Béchamp's view of germs, if he had prevailed, would have led to a different kind of health service, one that was not so desperate to destroy bacteria and viruses, but which focused instead on helping us defend ourselves. We would have a health service that supported the immune system, emphasised its importance, and advised us about all the things we can do - the importance of underlying health, a strong immune system, healthy life-style habits, the role of diet, nutrition, exercise, the use of natural medical therapies like homeopathy, naturopathy, herbal medicine, and many

Although this is now beginning to happen in a few countries, like Cuba and India, they have been heavily criticised for doing so - by the pharmaceutical medical establishment!

The problem with such an approach is, of course, that the pharmaceutical industry would not make £billions$ from vaccine research, and vaccine sales - or getting indemnity from government for the damage all vaccines do to patients.

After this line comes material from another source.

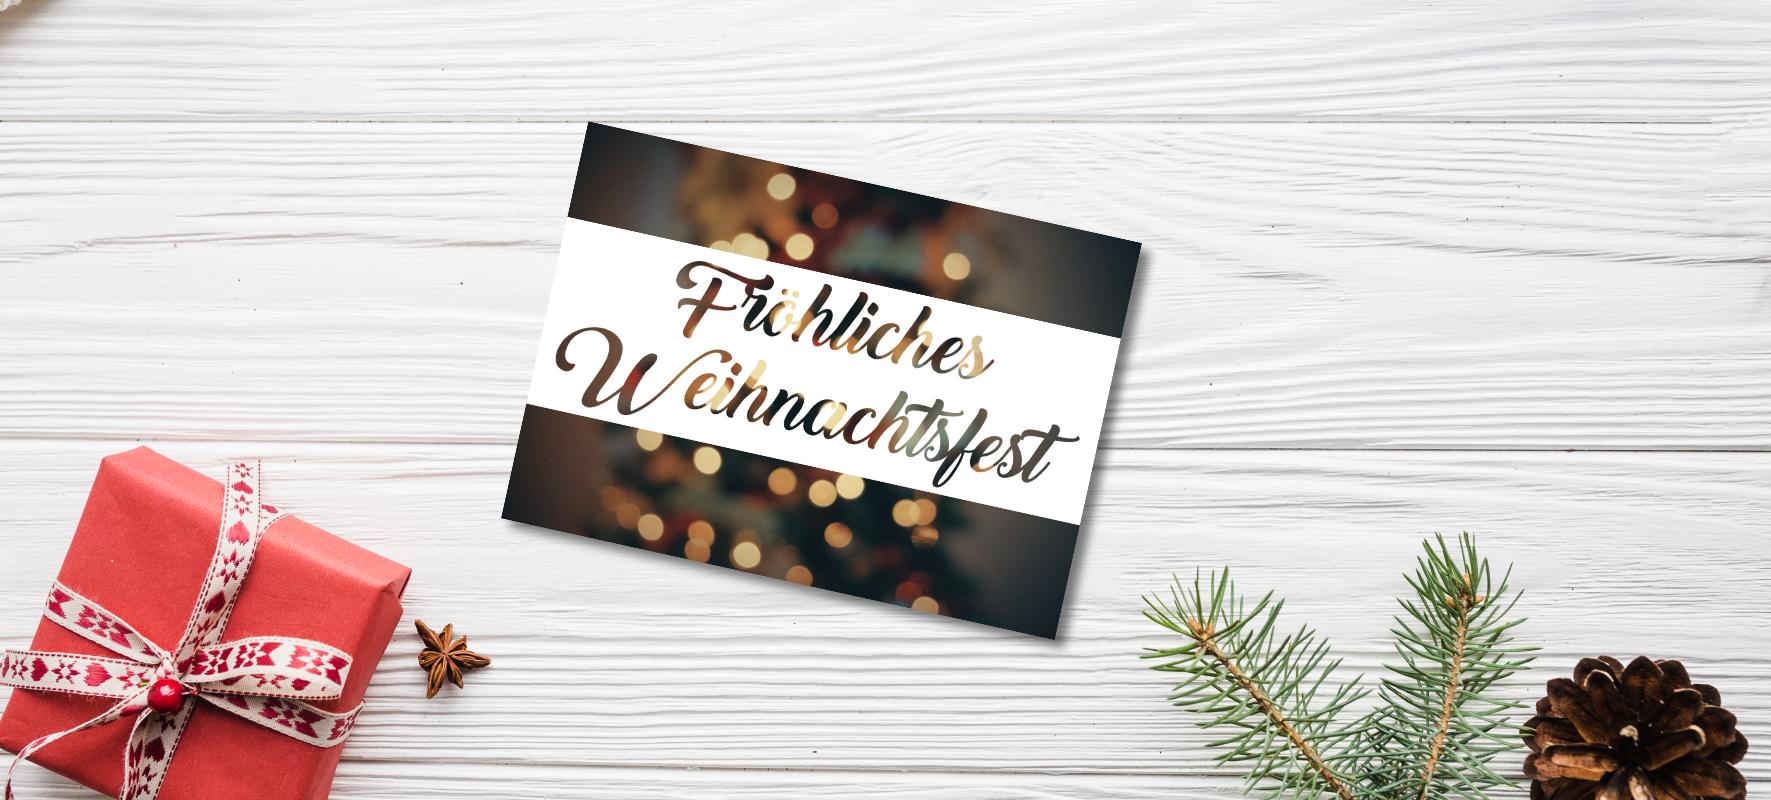 Wann Weihnachtskarten Versenden.Weihnachtsgrüße Geschäftlich Stressfrei Versenden

Wherever conventional medicine is dominant, government policies are not working. The medical experts on whom they rely have no treatment to offer. Hence, the main reason given for the hugely damaging social and economic lockdown is the need to 'protect' health services from the pressure of sick patients!
 
The pharmaceutical industry is a hopeless monopoly whose only role is to oversee the process of patients dying, whilst using its medical 'expertise' to advise the governments on policy. 
  • What can we expect of a medical system that kills the cow, and its herd, when it contracts TB, or Food & Mouth? 
  • What can we expect of a medical system that responds to bird influenza by killing the entire flock? 
  • What can we expect from a medical system that diagnosis a tree with a disease and chops it down? 
Pasteur's triumph over Béchamp was a pyrrhic victory, one that has inflicted a devastating toll on the quality and relevance of health provision. The victor, and his 'science' has directed us to where we are. It is time Béchamp was reinstated. It is his insight that reflects more accurately the world in which we live, and which we are now observing. His reinstatement would transform our thinking about what health is (and what is not), and bring back a vestige on sanity into the operation of our health system.